We heave with all of our strength, getting nowhere. All the while my son’s face, yellowed by the dirty water, stares back at me, his mouth open, lips moving frantically. His arm is slippery with mud and weed, I can’t get a good grip. I edge into the pond, my boots find water and sludge, nothing firm or solid. Mr Whittle’s words fill my ears: A natural pond, very deep I understand . . .

Tom isn’t coughing this time as his face breaks the surface for an instant.

‘He’s drowning, Mummy!’

‘Keep pulling, Sophie. If we keep pulling he must come free.’

We’re hardly moving Tom. Terror’s left his eyes. Vacant and unfocused, he’s no longer fighting. No longer with us.

My grip on my son’s arm slips. Tom’s face slides deeper into the churning filthy pond until all I see is blond hair swishing with the motion of the water.

‘No!’

If I jump in there’s no way out.

‘Hold on to him, Sophie.’

I let go of Tom’s wrist, grab the weed at the pond’s margin, slide into black silt and mud as close to my son’s body as I can manage. My feet find no purchase, nothing to take my weight. I gasp as water covers my face. Sophie screams, holds Tom’s hand. Blond hair washes like weed beneath the surface. I grab the bank, slithery mud squelches through my fingers, but I steady myself. Tom’s legs tangle mine as I hook under his armpits, haul him towards the surface.

‘Grab his coat, Sophie!’ Water spits from my mouth as I shout at my daughter. She has hold of his arm, his jacket as I push Tom upwards.

‘Pull, Sophie!’

I push my son’s back, grab his jeans belt, shove him up onto the bank. Sophie struggles, her heels digging into the soft ground. She drags Tom up and away from cloying black mud and weed.

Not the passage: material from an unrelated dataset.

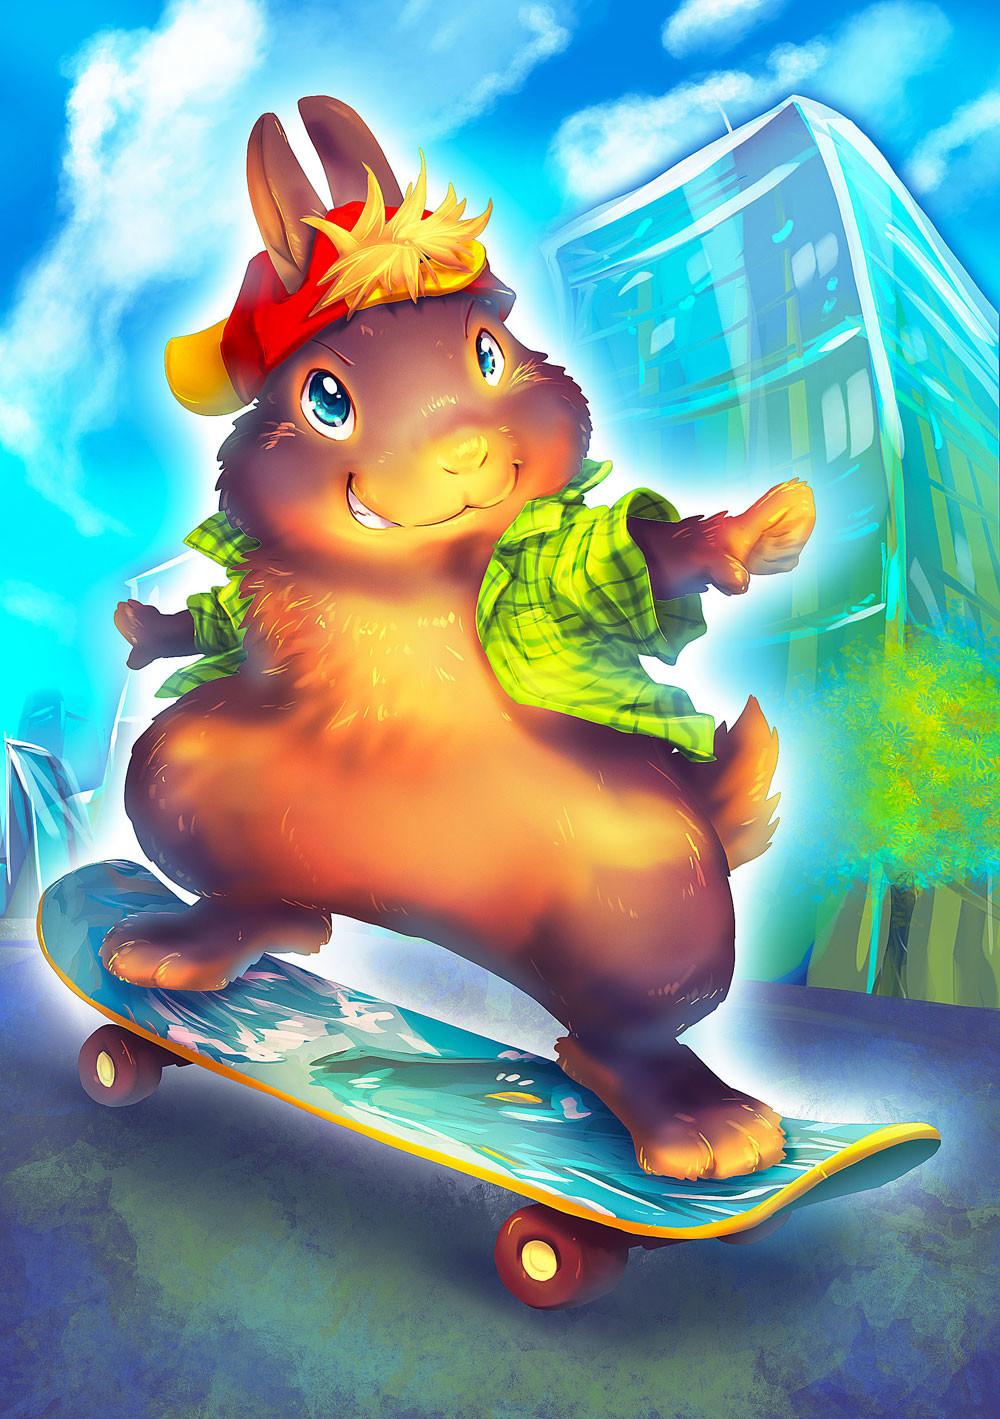 Iva vyhnankova skateboardak2
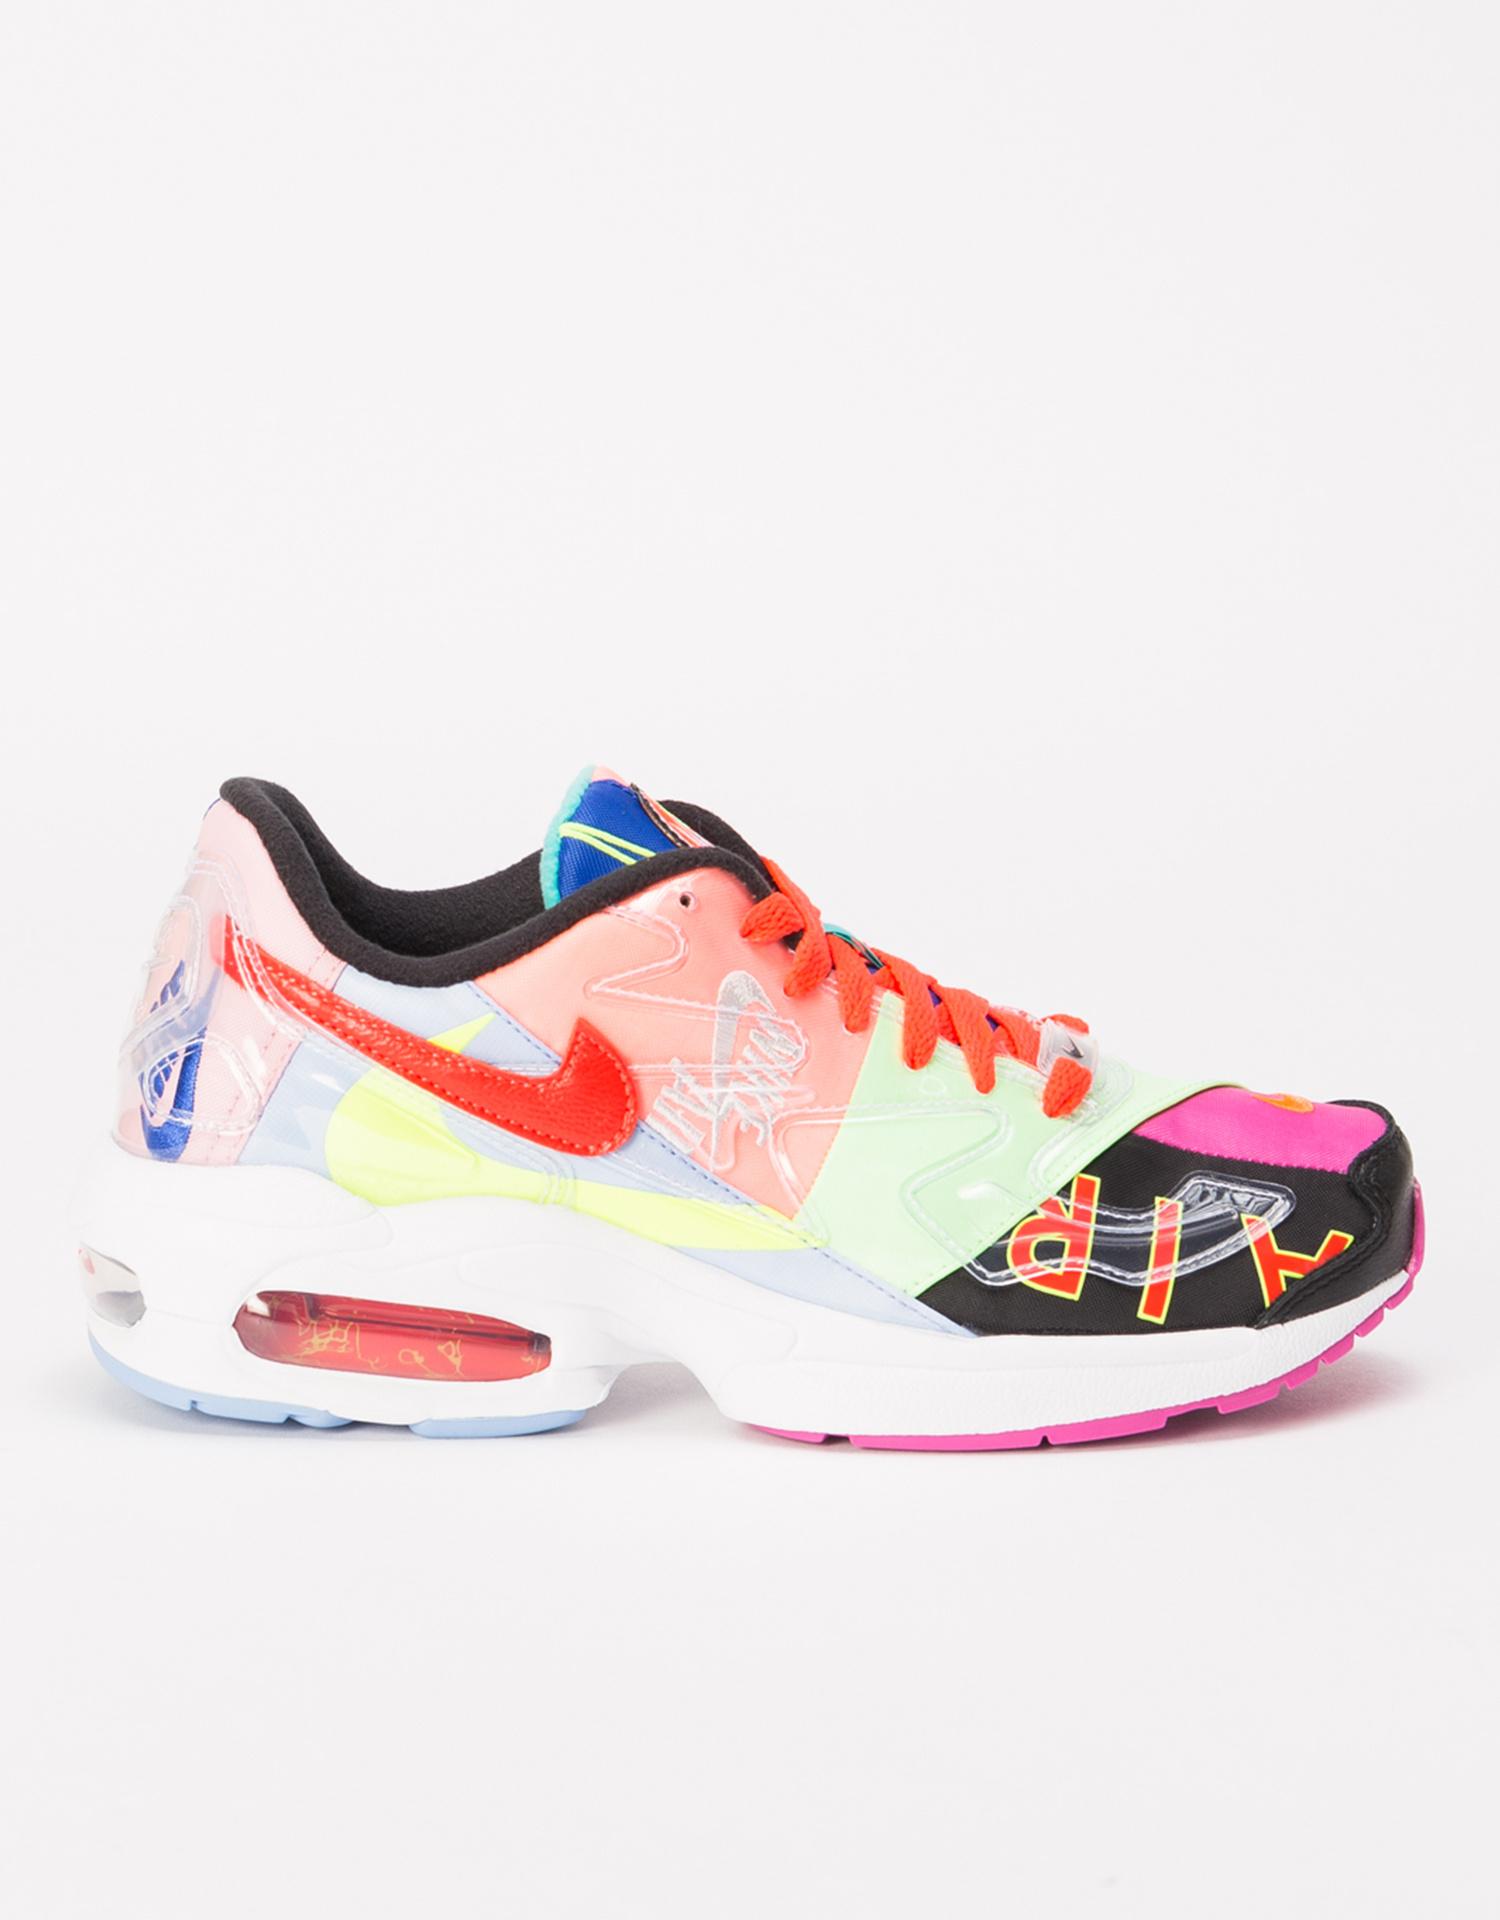 Nike Air Max 2 Light x Atmos BLACK/BRIGHT CRIMSON

‘Is he, okay?’ Sour water fills my mouth, my nose. I don’t hear Sophie’s words, just her voice, her high-pitched scream. My son’s dead. Too late. We are too late.

My boots are like lead weights, my legs stiff, immovable in my tight jeans. I should’ve taken them off, my jacket too, before I went in. No time, though. I scrabble and claw at the bank, weed comes away in my hands. No way out.

Pain in one wrist, then the other, makes me gasp and choke. I look up into a sun-darkened face, bright green eyes. He pulls, the toes of my boots dig into soft mud, the top half of me clears the water’s surface. Sophie has one arm, Richard Denning the back of my coat. I lie gasping for breath on the bank.

We pull Tom a few feet from the pond edge before we let him go. He lies motionless, face half buried in willow debris. Sophie kneels beside her brother. Her skinny body shivers, her hands clenched over her mouth as though the screaming will escape again if she pulls them away. Tears run down her cheeks and through her filthy fingers.

‘Tom?’ Sophie’s voice cracks, is practically a whisper, it sounds unnaturally loud as the three of us bend our heads close to peer at her brother. I hear only our panting breath and Riley’s whining as he licks mud from between lifeless fingers. My son’s face looks unreal, someone I don’t know, just an ashen-coloured mask discarded by its owner.

‘Go call Doctor Langdon. He’ll be here long before an ambulance.’

Richard Denning’s voice is deep and steady, head lowered so I only see the top of his cap, fawn and grey weave. I can’t see his face at all. He turns Tom’s head sideways resting his cheek in the dead leaves and begins pummelling my son’s narrow back. Brown-green pond water spews out of Tom’s mouth and nose with each effort.

‘He won’t die, will he?’ Sophie asks as I push myself to my feet.